As 1991’s "The Rocketeer" is one of the best Spielberg movies he never made, it’s fitting that the score is one of the best John Williams never did. Turning out the full brass for the opening title and flight music, Horner’s score is as soaring and unabashedly old fashioned as the film. He creates a lovely theme for Jennifer Conelly’s love interest, a few piano notes blooming into a rich and ripe arrangement of strings. The film was not a success, opening in the shadow of the behemoth "Terminator 2: Judgement Day." Director Joe Johnston would later find success with a period action-adventure movie when he made "Captain America." It’s a shame it was not a reunion with Horner too. Because the Marvel films have yet to produce a truly distinctive score, let alone a cue as exciting and driving as “The Zepplin,” which soundtracks the climatic fight.

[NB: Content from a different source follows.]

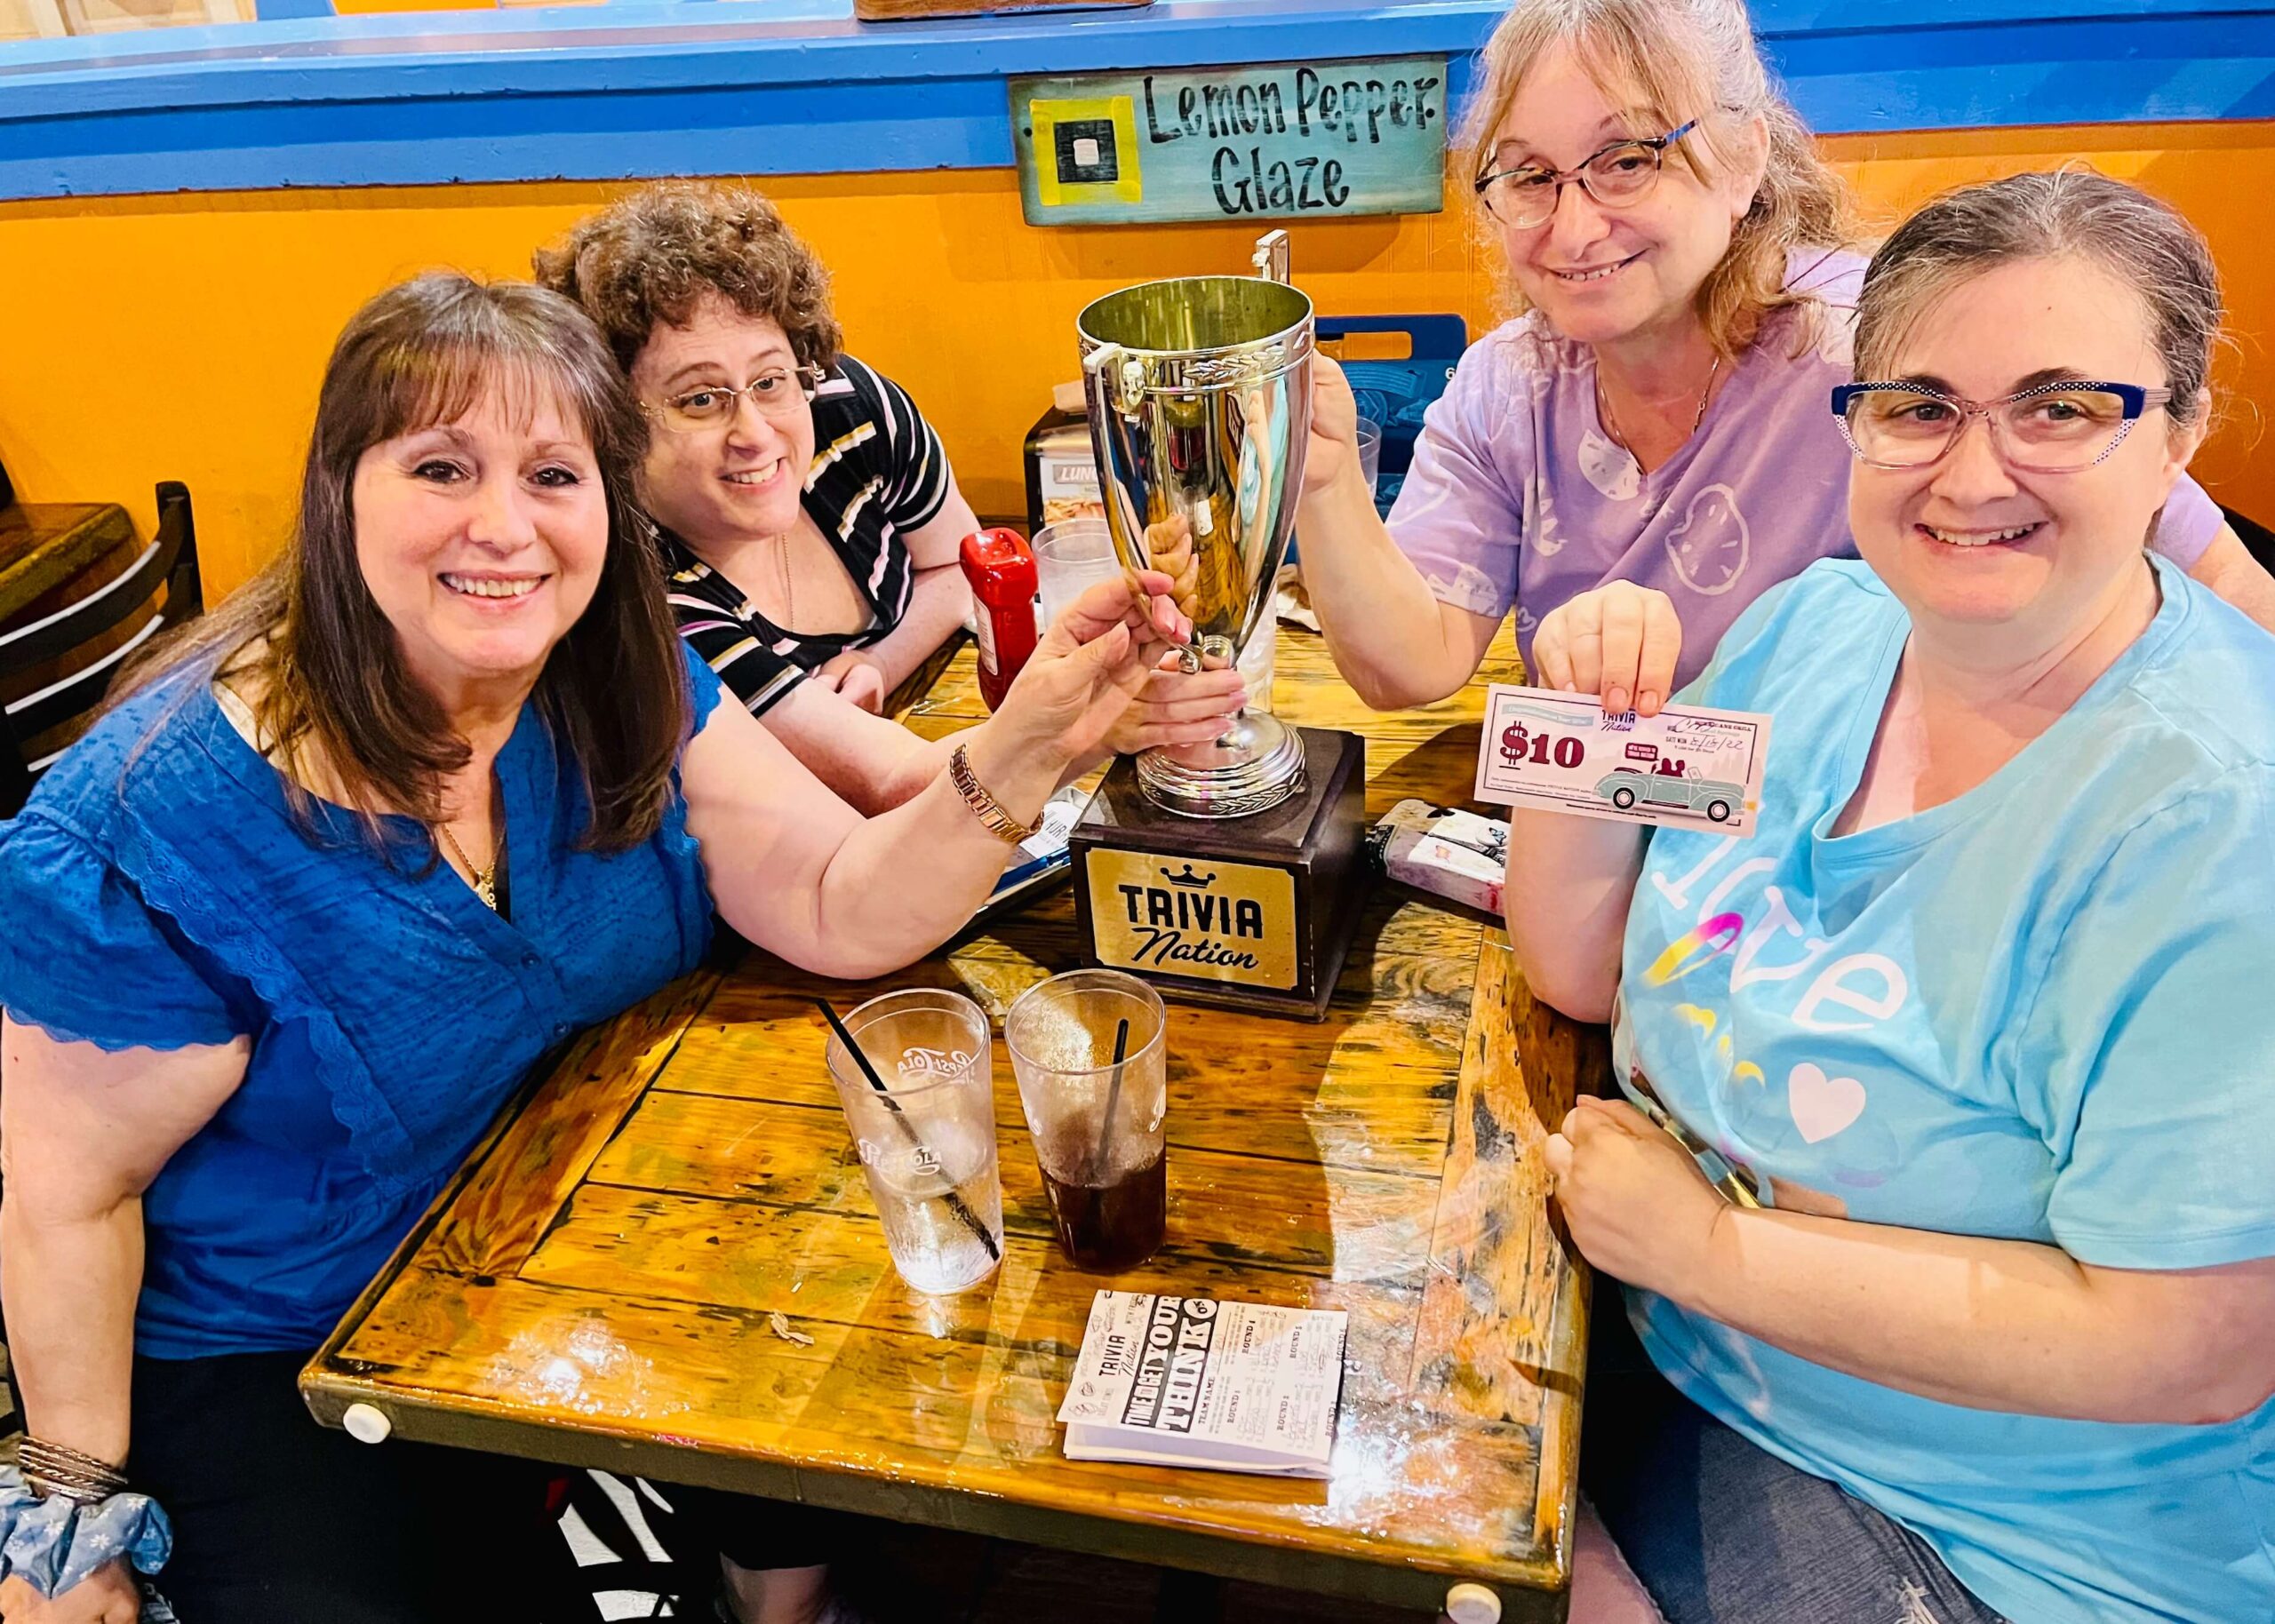 Hurricane Grill & Wings Coral Springs FL 33076 trivia night: group of four ladies seated around a table all smiling with a Trivia Nation trophy in between me and the woman in front holding up a $10 trivia coupon

"Sneakers" is of that almost completely vanished breed of sleeper hit, low on pyrotechnics but well cast and absolutely rolling in chemistry and wit. It's an odd caper flick, with a score that reflects the story’s cloistered feel. Mixing almost satirical angelic choral strands, flutes, violins, drums, and Branford Marsalis playing soprano saxophone as the through line tying it all together, it’s chamber music for The Information Age. The score has the same fluid quality as the film, flowing through a series of rooms one into the other. The main title has a trembling violin line, a babbling data stream carring the other instruments, while a marimba adds a mysterious inviting quality, the pleasure of finding out information you’re not supposed to know. “Too Many Secrets” is Horner at his best, composing that flurry of emotions that accomapny discovery. At first playful and delighted, at two minutes in, a piano and driving percussion arrive, signaling the danger the characters have found themselves in by discovering pretty much a skeleton key to the entire internet. The piano then builds, becoming discordant then finally apocalyptic as the characters realize the stakes of the game they’re playing. “...and the Blind shall see,” a wonderfully prophetic title for an ending cue, is a resolution to the story and the thrill that it will go on. It even echoes Horner’s own past midway in the piece, with a nautical flavored burst of orchestration first heard in the composer’s Roger Corman factory days in his "Battle Beyond the Stars" score. That is the other great power of movies and music, and especially comforting when a talent like Horner is lost. Knowing that the movie and the song is still playing somewhere, we realize that we're just at an intermission.